(Dataset entries)

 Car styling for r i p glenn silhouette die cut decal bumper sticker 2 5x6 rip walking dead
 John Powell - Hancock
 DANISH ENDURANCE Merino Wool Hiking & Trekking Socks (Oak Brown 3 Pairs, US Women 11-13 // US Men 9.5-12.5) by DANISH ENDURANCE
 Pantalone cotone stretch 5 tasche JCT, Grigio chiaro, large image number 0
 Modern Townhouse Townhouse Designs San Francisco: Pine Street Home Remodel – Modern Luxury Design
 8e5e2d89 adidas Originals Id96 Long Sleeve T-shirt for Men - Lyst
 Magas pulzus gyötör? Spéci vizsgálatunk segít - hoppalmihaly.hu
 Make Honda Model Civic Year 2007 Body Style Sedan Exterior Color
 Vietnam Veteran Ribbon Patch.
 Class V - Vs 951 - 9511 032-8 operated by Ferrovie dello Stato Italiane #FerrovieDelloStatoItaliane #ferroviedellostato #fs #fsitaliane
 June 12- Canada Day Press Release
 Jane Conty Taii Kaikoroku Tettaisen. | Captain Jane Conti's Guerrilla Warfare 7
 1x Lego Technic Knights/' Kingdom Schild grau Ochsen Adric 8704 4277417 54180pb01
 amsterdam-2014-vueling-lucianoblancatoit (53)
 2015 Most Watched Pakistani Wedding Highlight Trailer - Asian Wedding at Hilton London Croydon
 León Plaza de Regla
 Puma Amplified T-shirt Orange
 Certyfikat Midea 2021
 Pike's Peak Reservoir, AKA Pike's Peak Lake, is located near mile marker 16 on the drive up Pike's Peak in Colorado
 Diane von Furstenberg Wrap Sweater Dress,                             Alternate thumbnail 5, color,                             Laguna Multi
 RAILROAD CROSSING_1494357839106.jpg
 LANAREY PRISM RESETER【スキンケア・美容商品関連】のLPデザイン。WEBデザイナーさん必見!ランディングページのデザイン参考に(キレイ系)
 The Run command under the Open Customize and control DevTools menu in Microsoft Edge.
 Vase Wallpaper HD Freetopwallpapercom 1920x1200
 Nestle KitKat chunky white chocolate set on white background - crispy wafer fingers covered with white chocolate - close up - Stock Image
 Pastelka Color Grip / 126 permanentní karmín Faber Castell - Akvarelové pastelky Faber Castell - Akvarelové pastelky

(End Dataset entries)

* **Your task**:
Up to and including the line with "RAILROAD CROSSING_1494357839106.jpg", repeat the entries exactly, beginning at their first line.

* **Task response**:
 Car styling for r i p glenn silhouette die cut decal bumper sticker 2 5x6 rip walking dead
 John Powell - Hancock
 DANISH ENDURANCE Merino Wool Hiking & Trekking Socks (Oak Brown 3 Pairs, US Women 11-13 // US Men 9.5-12.5) by DANISH ENDURANCE
 Pantalone cotone stretch 5 tasche JCT, Grigio chiaro, large image number 0
 Modern Townhouse Townhouse Designs San Francisco: Pine Street Home Remodel – Modern Luxury Design
 8e5e2d89 adidas Originals Id96 Long Sleeve T-shirt for Men - Lyst
 Magas pulzus gyötör? Spéci vizsgálatunk segít - hoppalmihaly.hu
 Make Honda Model Civic Year 2007 Body Style Sedan Exterior Color
 Vietnam Veteran Ribbon Patch.
 Class V - Vs 951 - 9511 032-8 operated by Ferrovie dello Stato Italiane #FerrovieDelloStatoItaliane #ferroviedellostato #fs #fsitaliane
 June 12- Canada Day Press Release
 Jane Conty Taii Kaikoroku Tettaisen. | Captain Jane Conti's Guerrilla Warfare 7
 1x Lego Technic Knights/' Kingdom Schild grau Ochsen Adric 8704 4277417 54180pb01
 amsterdam-2014-vueling-lucianoblancatoit (53)
 2015 Most Watched Pakistani Wedding Highlight Trailer - Asian Wedding at Hilton London Croydon
 León Plaza de Regla
 Puma Amplified T-shirt Orange
 Certyfikat Midea 2021
 Pike's Peak Reservoir, AKA Pike's Peak Lake, is located near mile marker 16 on the drive up Pike's Peak in Colorado
 Diane von Furstenberg Wrap Sweater Dress,                             Alternate thumbnail 5, color,                             Laguna Multi
 RAILROAD CROSSING_1494357839106.jpg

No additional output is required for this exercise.